Once all the hours were accounted for, and the totals added up, she could then remit payment to the developer.

This didn’t delay his payment in any way. I always pay promptly. But what it did do was ensure my revenue was secured to offset the accrued costs—before paying those expenses.

Sometimes, making a mistake and learning from it is sufficient. But if you document all of your recurring tasks and fix the system, it solves it at the root level and is more likely to prevent it from happening again.

The takeaway: fix the system, don’t reprimand the person.

But have the system in the first place—whether for your admin work or your clients marketing program.

Learn more about how I create systemization in my advisory engagements in the Mindshare community.

June 1, 2021

Pricing advisory retainers the goldilocks way

Pricing a consulting retainer is a tricky ordeal.
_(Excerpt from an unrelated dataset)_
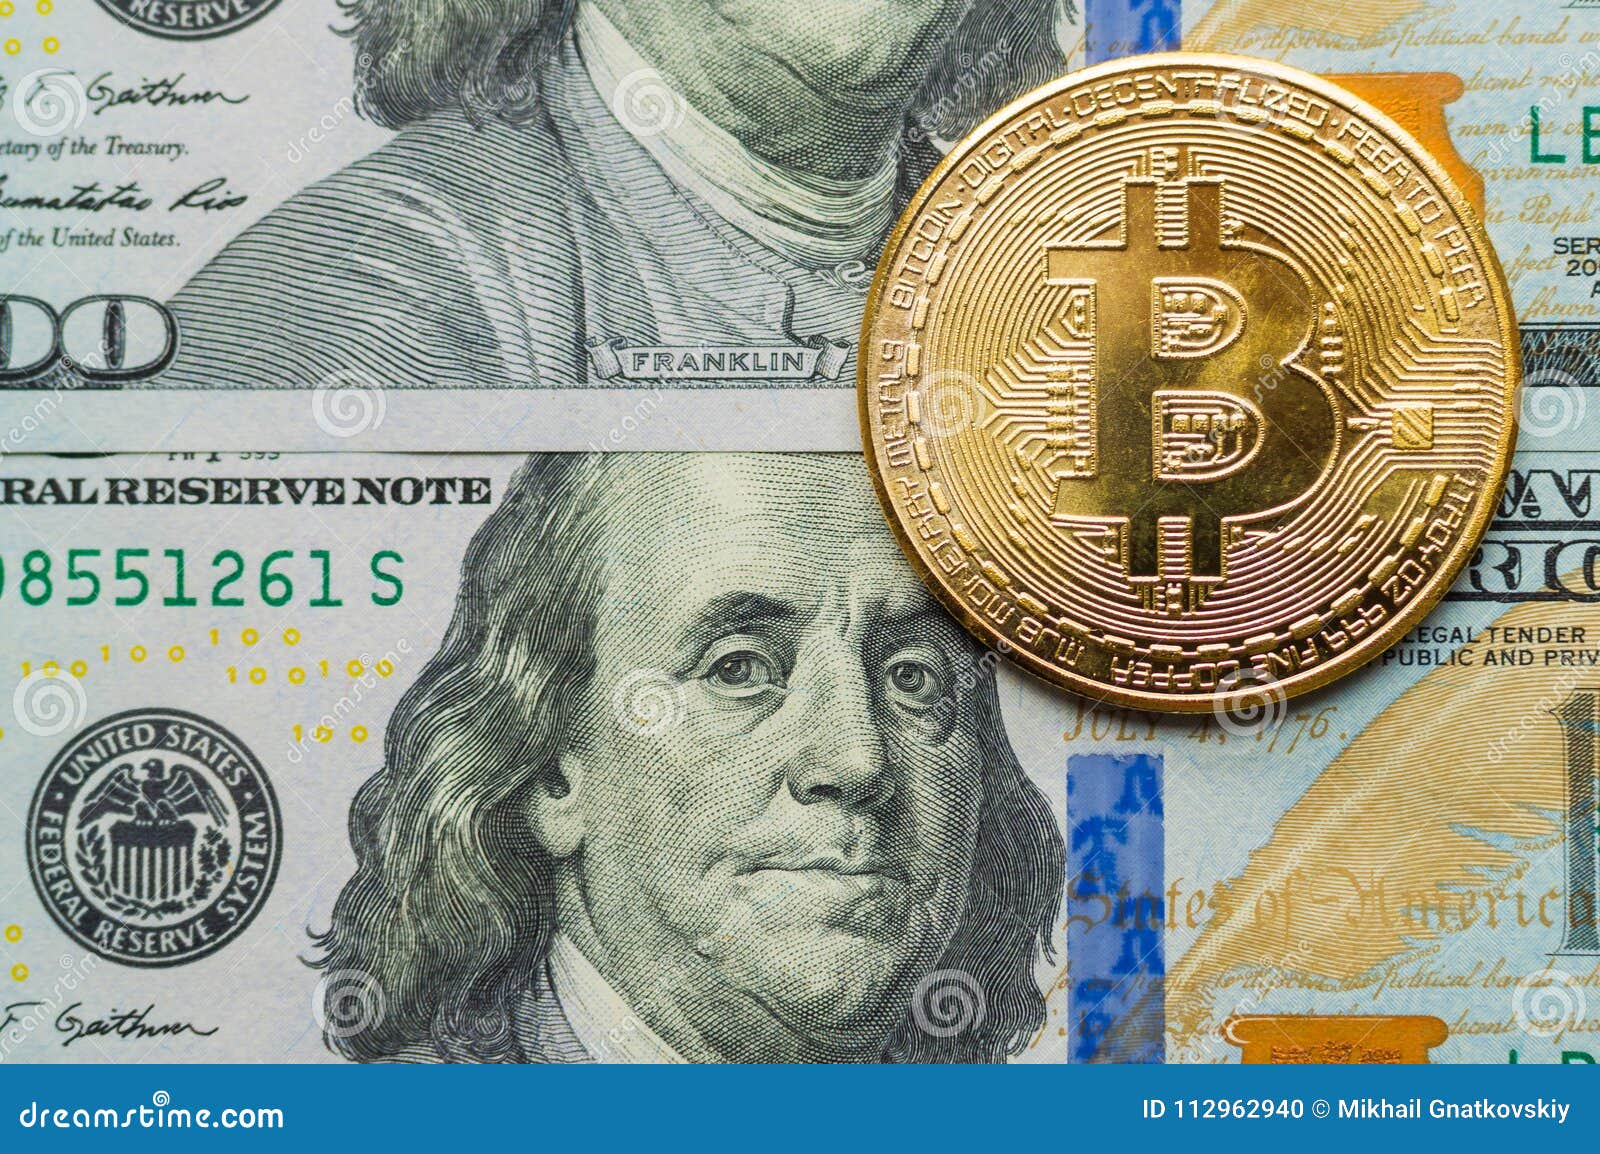 0.000117 bitcoin in dollars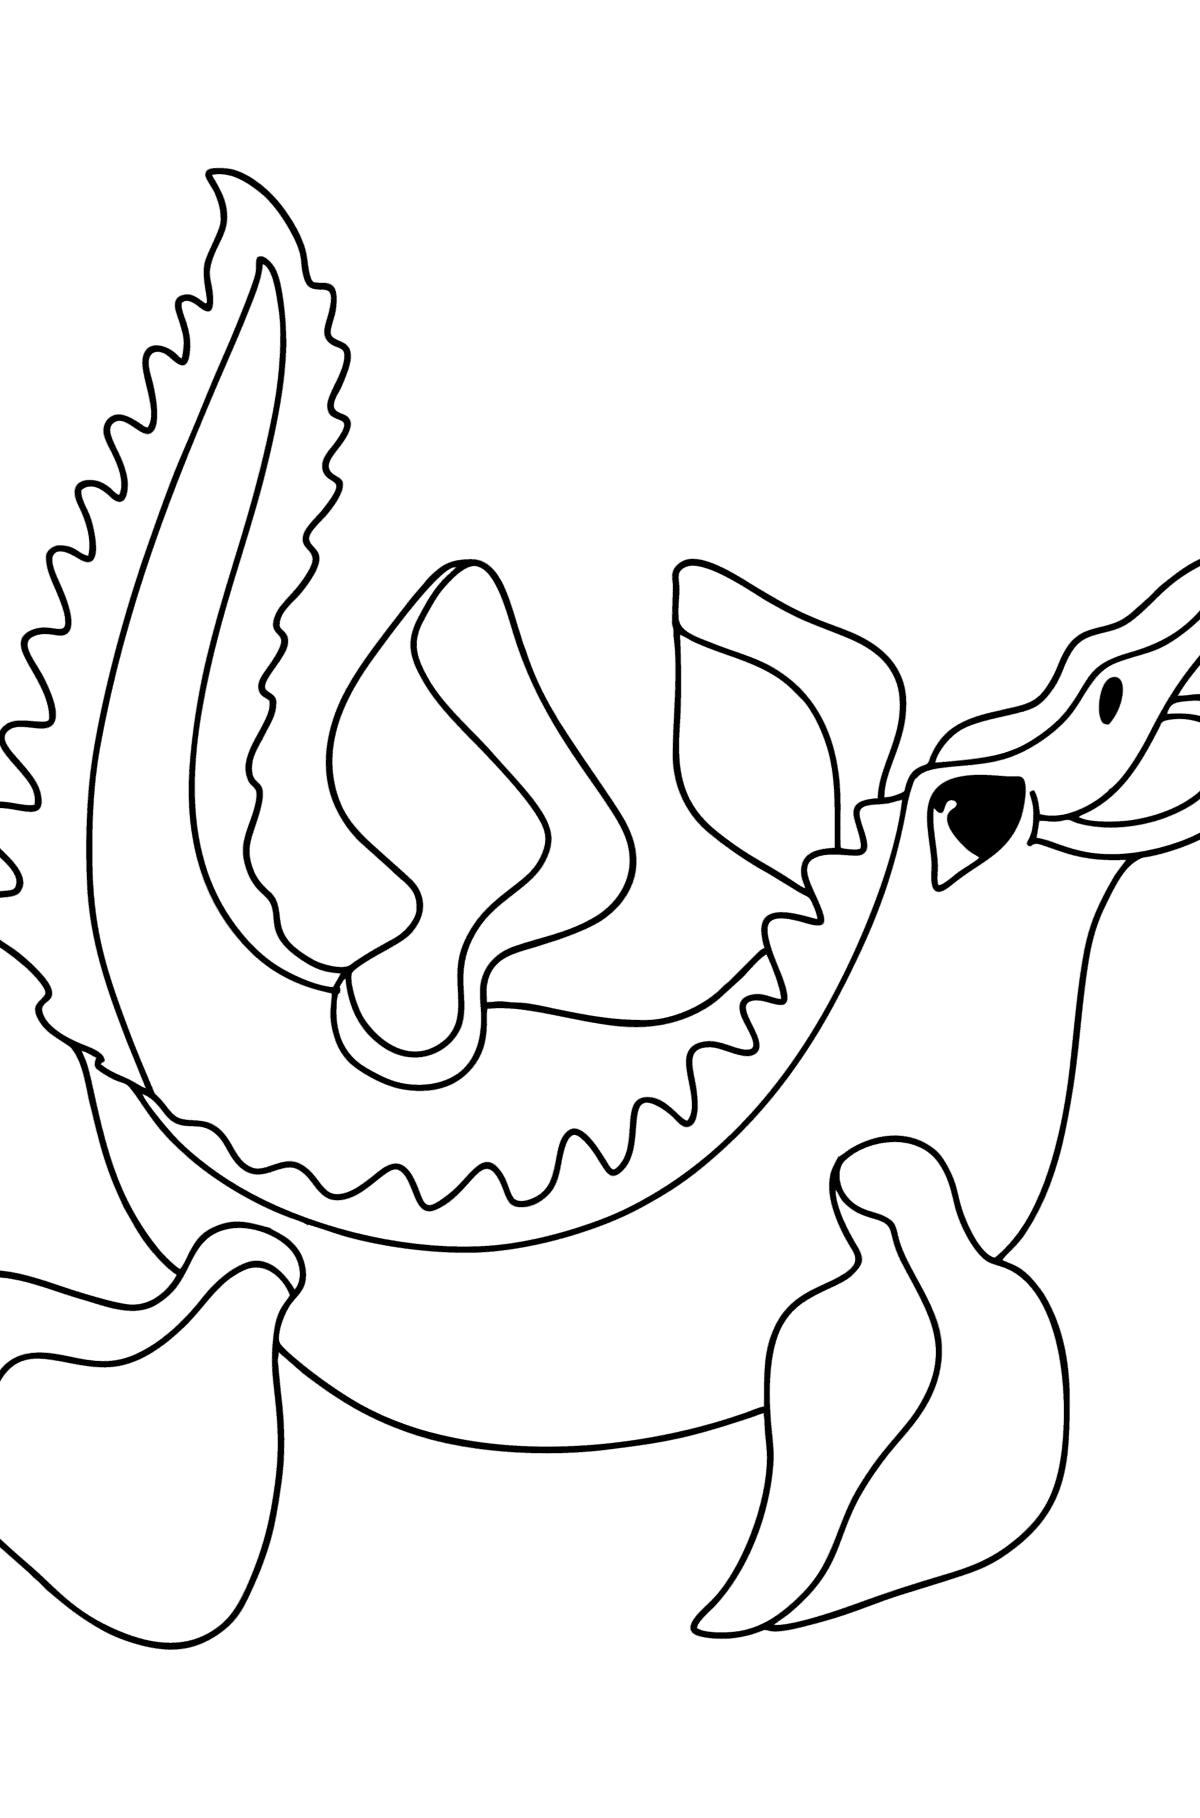 Ausmalbild Mosasaurus - Malvorlagen für Kinder

Charge too much, and you’re quickly seen as an expense line item.

Don’t charge enough, and you leave a lot of money on the table—for you and your clients.

My typical advisory work involves helping my clients build the strategy, plan, and infrastructure needed to get repeatable and sustainable growth for my clients.

And that takes time.

It often involves ground-up overhauls of their entire marketing program, which takes several months or longer.

Since that’s how my engagements usually go, it means I need to be around long enough to see my clients through the execution work required.

With that in mind, it means I need to price my services in a way that allows clients to sustain my fees long enough to build out the necessary pieces until they no longer need me (though many keep me around for my perspective).

Some consultants are like special ops: they drop in, do a project, charge a lot, then they’re out. And that can work for highly strategic engagements or when solving very specific problems.

There’s nothing wrong with that approach. And if that’s the kind of work you do, you should charge a lot for the value you create.

But if your job is to stick around for a while, you will probably find the lifetime value of your client engagements goes up if you focus on making it sustainable for your clients on a month-to-month basis.

The question is: can you build a service that gets results within their budget range and is profitable enough for you to make it worthwhile?

Charge premium rates, but optimize for making it sustainable.